In an unprecedented joint cybersecurity advisory, 17 security agencies from 11 countries — including the United States, United Kingdom, Germany, Japan, Australia, and Canada — have confirmed that Chinese state-sponsored actors are actively compromising edge and backbone routers to maintain long-term access to sensitive networks across the globe.
The CISA AA25-239A advisory warns that attackers are exploiting known, unpatched vulnerabilities in widely deployed devices to persist below the radar — modifying router configurations, capturing traffic, and harvesting credentials without triggering traditional defenses.
And while the advisory does not explicitly confirm cloud compromise, the tactics it describes — credential harvesting, lateral movement from edge infrastructure, and the use of trusted services to mask exfiltration — are exactly how Chinese APTs have pivoted into cloud and SaaS environments in prior campaigns.
Hijacking Routers — and the Trust They Carry
Attackers are actively exploiting vulnerabilities in platforms like:
Once inside, attackers modify Access Control Lists (ACLs), enable Generic Routing Encapsulation (GRE) or IPsec tunnels, and configure covert SSH or web services on high ports.
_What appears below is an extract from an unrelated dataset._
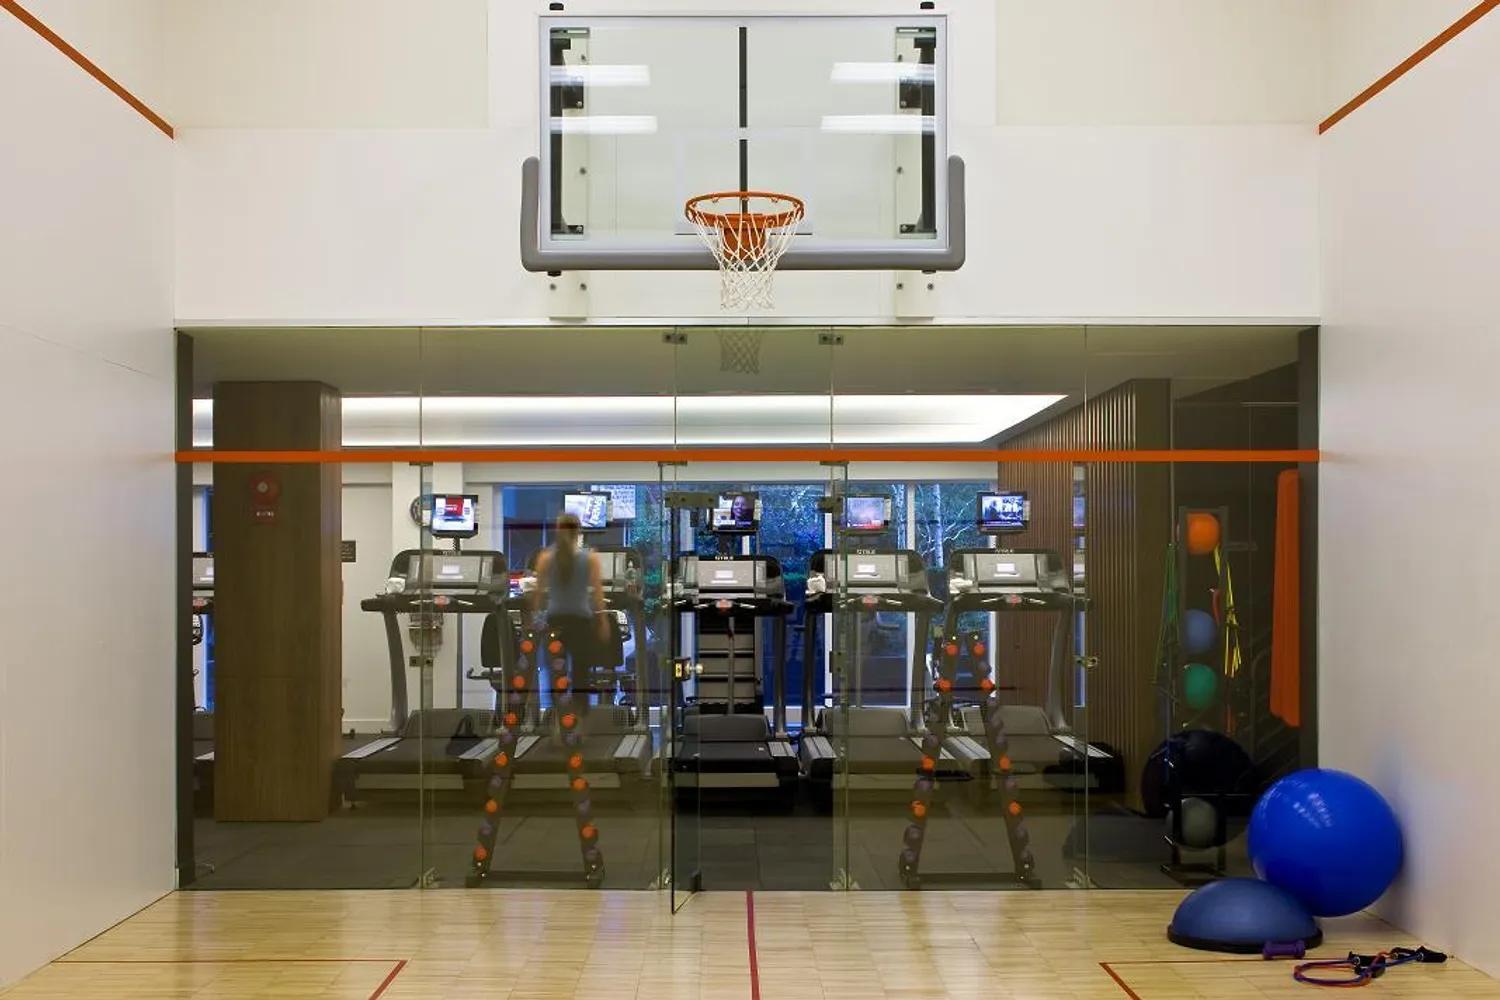 Basketball Court

They also use packet capture (PCAP) tools to sniff network traffic and exploit Simple Network Management Protocol (SNMP) and Terminal Access Controller Access-Control System Plus (TACACS+) to escalate access and discover additional infrastructure.
How This Enables Cloud Infiltration
The advisory documents credential harvesting and lateral movement from infrastructure — both well-known tactics that enable attackers to move from routers into cloud environments.
While the report doesn’t explicitly say “Chinese APTs compromised AWS or Azure,” it describes the exact conditions for such a pivot:
Long-term access to infrastructure trust paths
Harvested credentials and authentication flows
Tunnels and ACLs allowing stealthy movement into connected systems
These tactics align with previously documented campaigns where Chinese APTs gained infrastructure access and then infiltrated cloud control planes and SaaS applications.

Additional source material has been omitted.